8th Coordinating Minister for People's Welfare
- In office 17 March 1993 – 16 March 1998
- President: Suharto
- Preceded by: Soepardjo Rustam
- Succeeded by: Haryono Suyono

27th Minister of Transportation
- In office 23 March 1988 – 17 March 1993
- President: Suharto
- Preceded by: Rusmin Nuryadin
- Succeeded by: Haryanto Dhanutirto

4th Governor of West Sumatra
- In office 18 October 1977 – 30 October 1987
- Preceded by: Harun Zain
- Succeeded by: Hasan Basri Durin

Personal details
- Born: Azwar Anas 2 August 1931 Padang, Dutch East Indies
- Died: 5 March 2023 (aged 91) Jakarta, Indonesia
- Party: Golkar (Golongan Karya)
- Spouse: Djusmeini
- Children: 5
- Parents: Anas Malik Sutan Masabumi (father); Rakena Anas (mother);
- Education: Bandung Institute of Technology Syracuse University
- Occupation: Politician; bureaucrat; military officer;

= Azwar Anas =

Indonesian politician, bureaucrat and military officer (1931–2023)

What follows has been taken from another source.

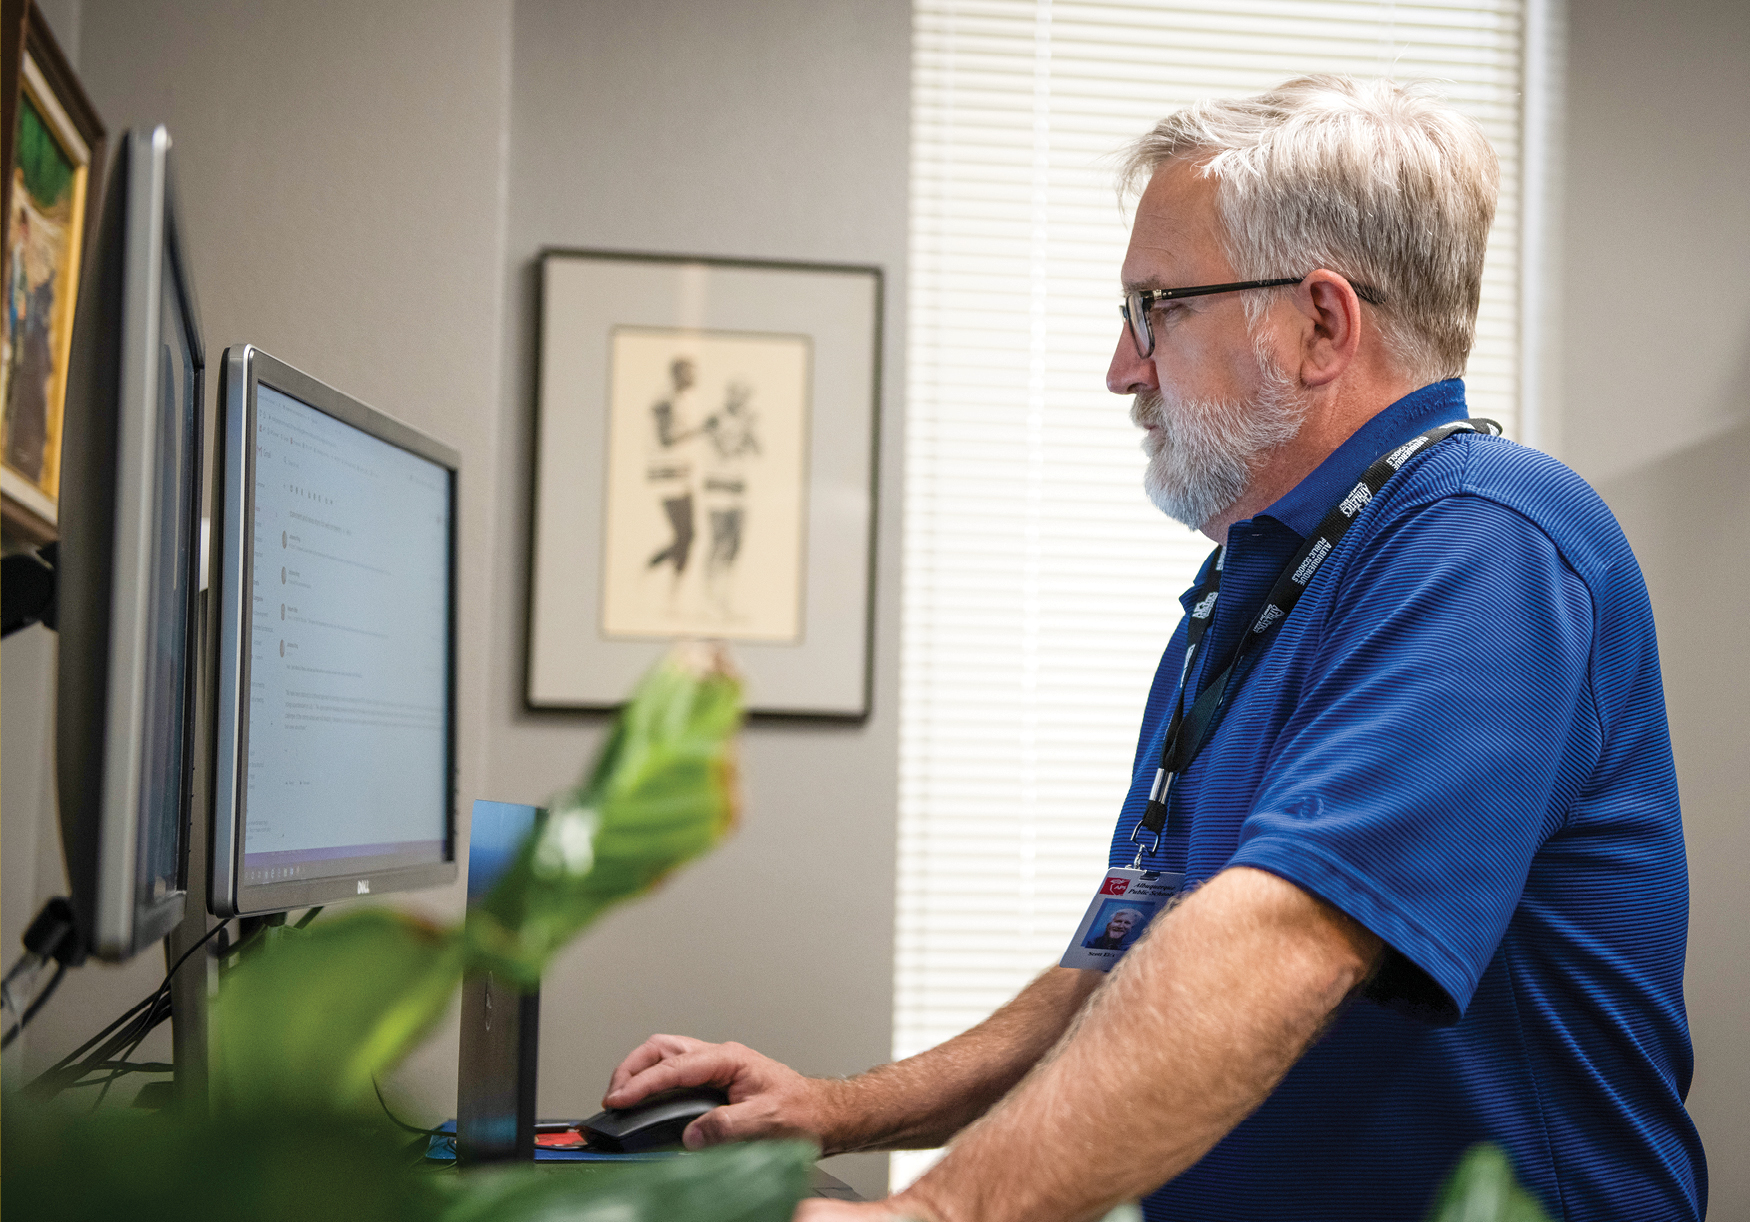 Scott Elder, a white man with gray hair and beard wearing a blue shirt and working on his computer
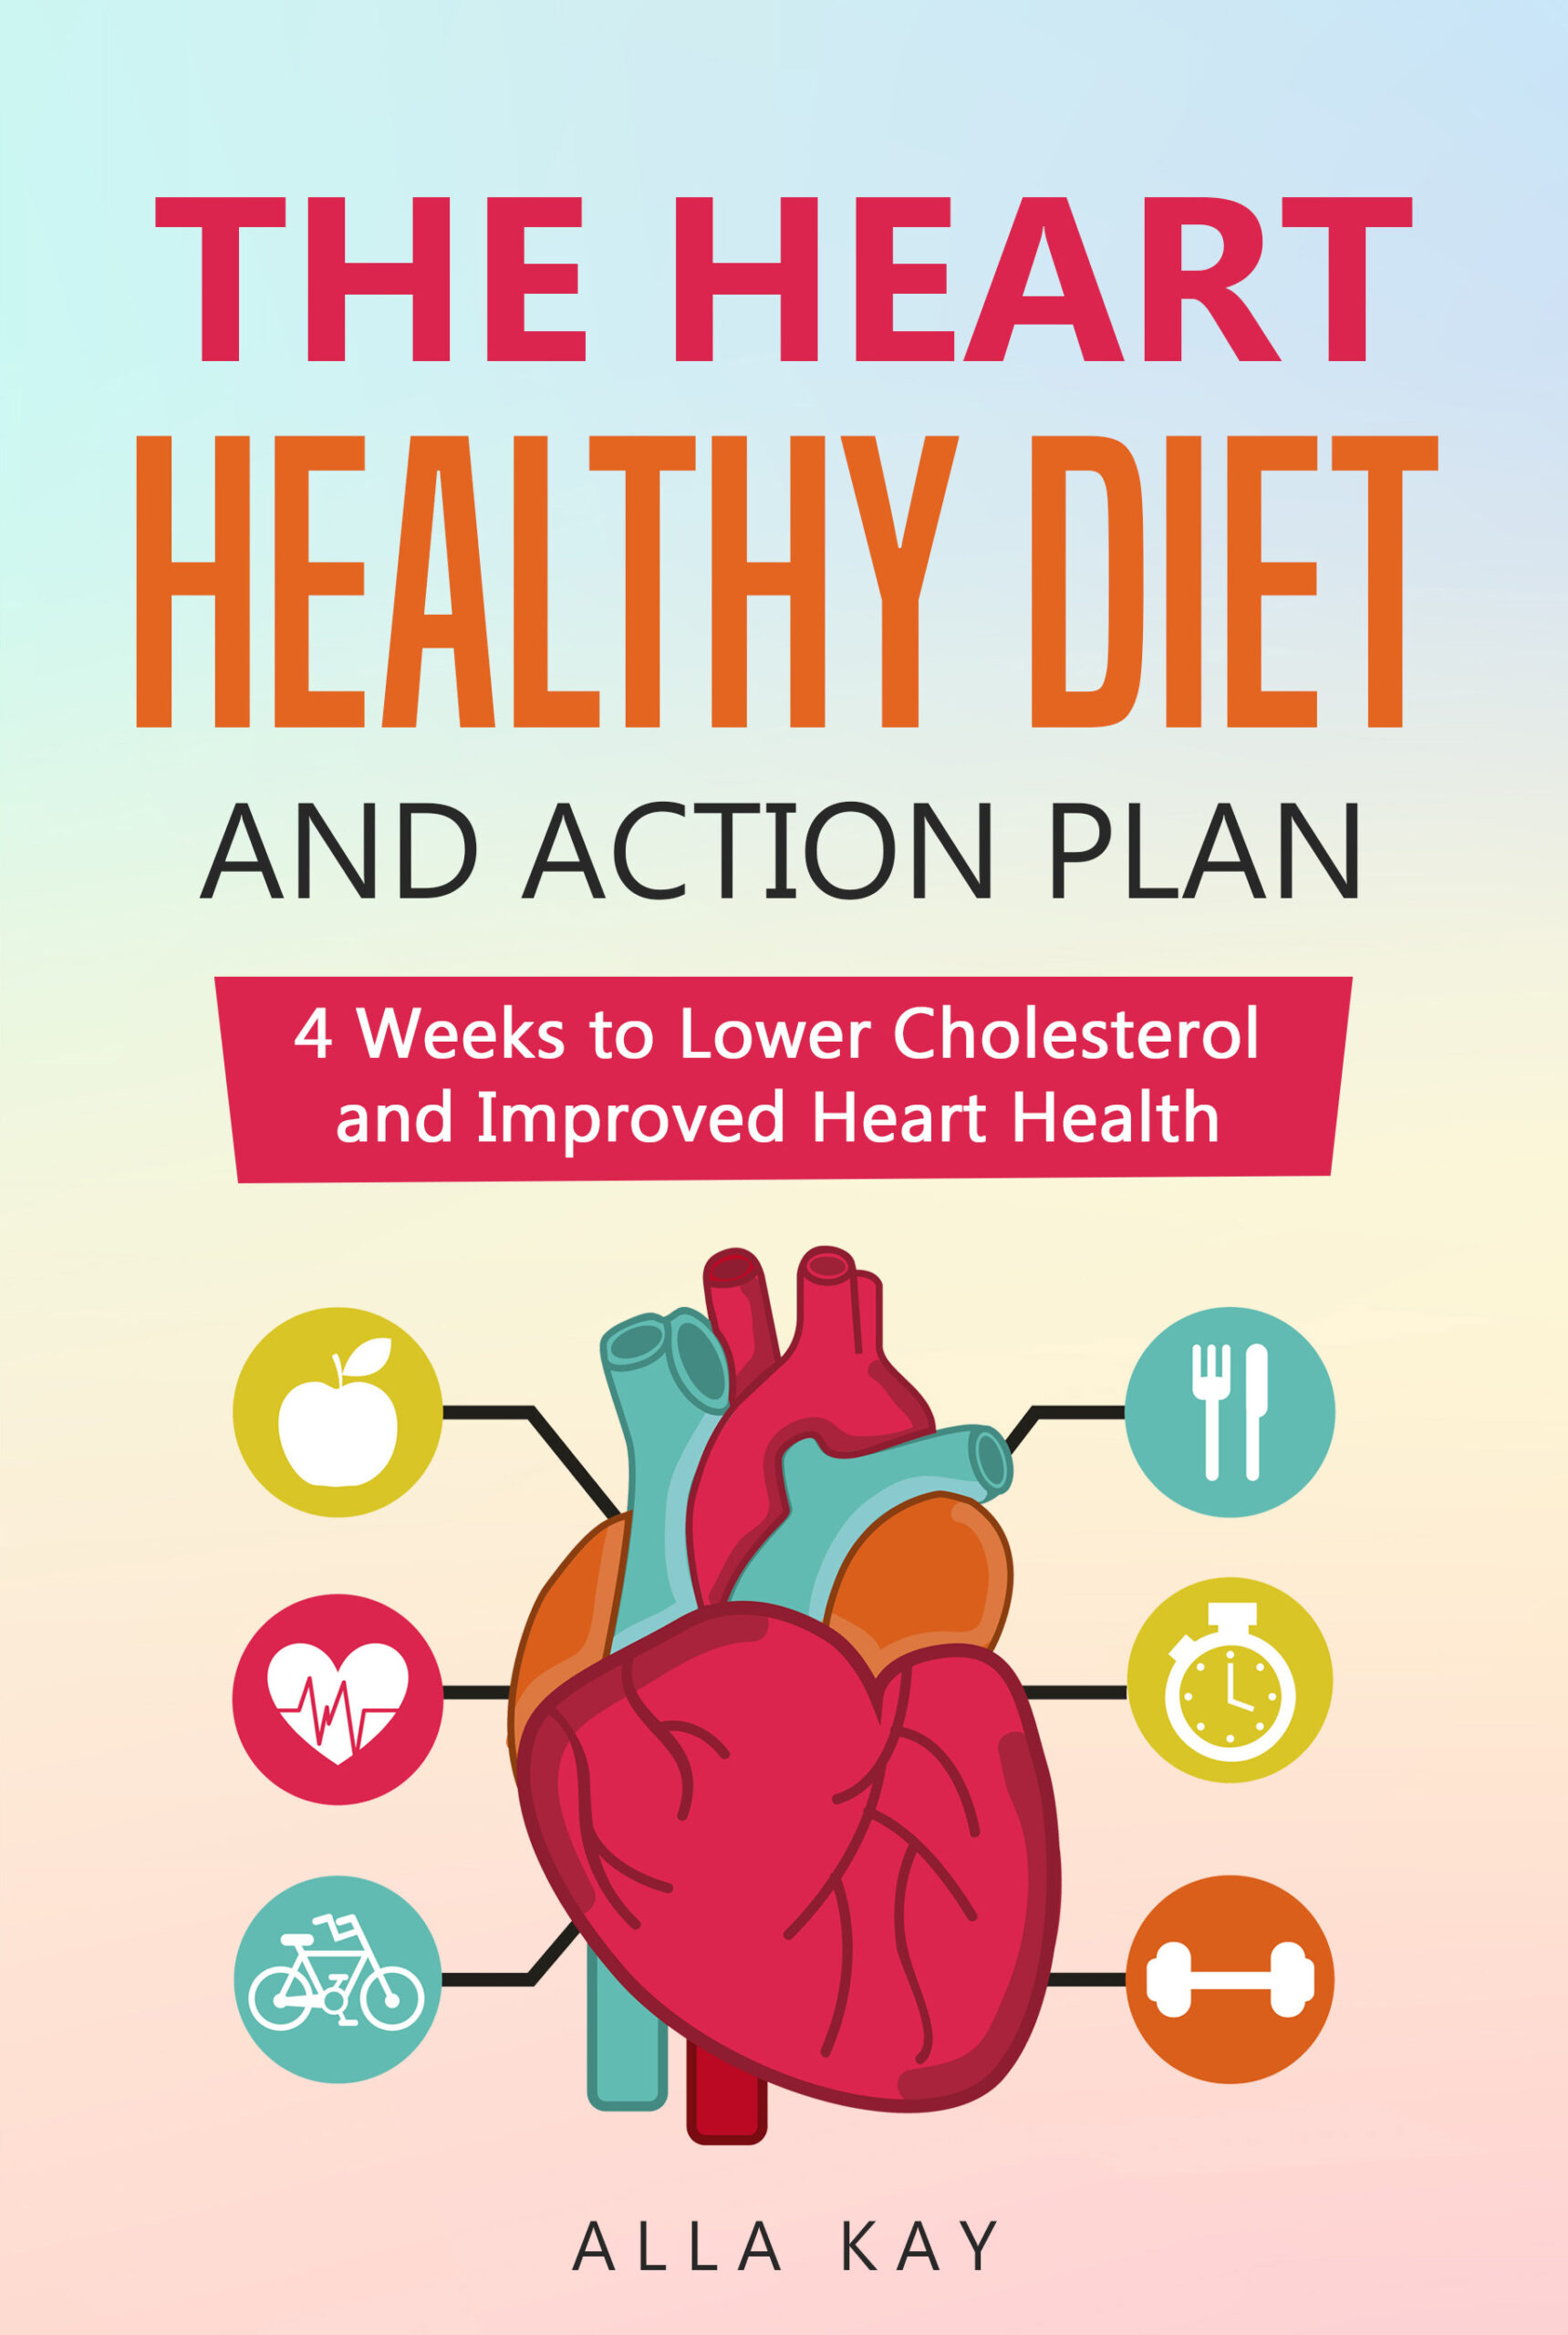 FREE: The Heart Healthy Diet and Action Plan: 4 Weeks to Lower Cholesterol and Improved Heart Health (menu for a month: breakfast, lunch, dinner, snaсk) by Alla KAy

Azwar Anas gelar Datuk Rajo Suleman (2 August 1931 – 5 March 2023), more colloquially referred to as Pak Anas, was an Indonesian politician, bureaucrat, and military officer. A member of the Golkar political party, he served in a number of positions during President Suharto's New Order regime. During his career in government, he served as the coordinating minister for people's welfare, minister of transportation, and governor of the province of West Sumatra.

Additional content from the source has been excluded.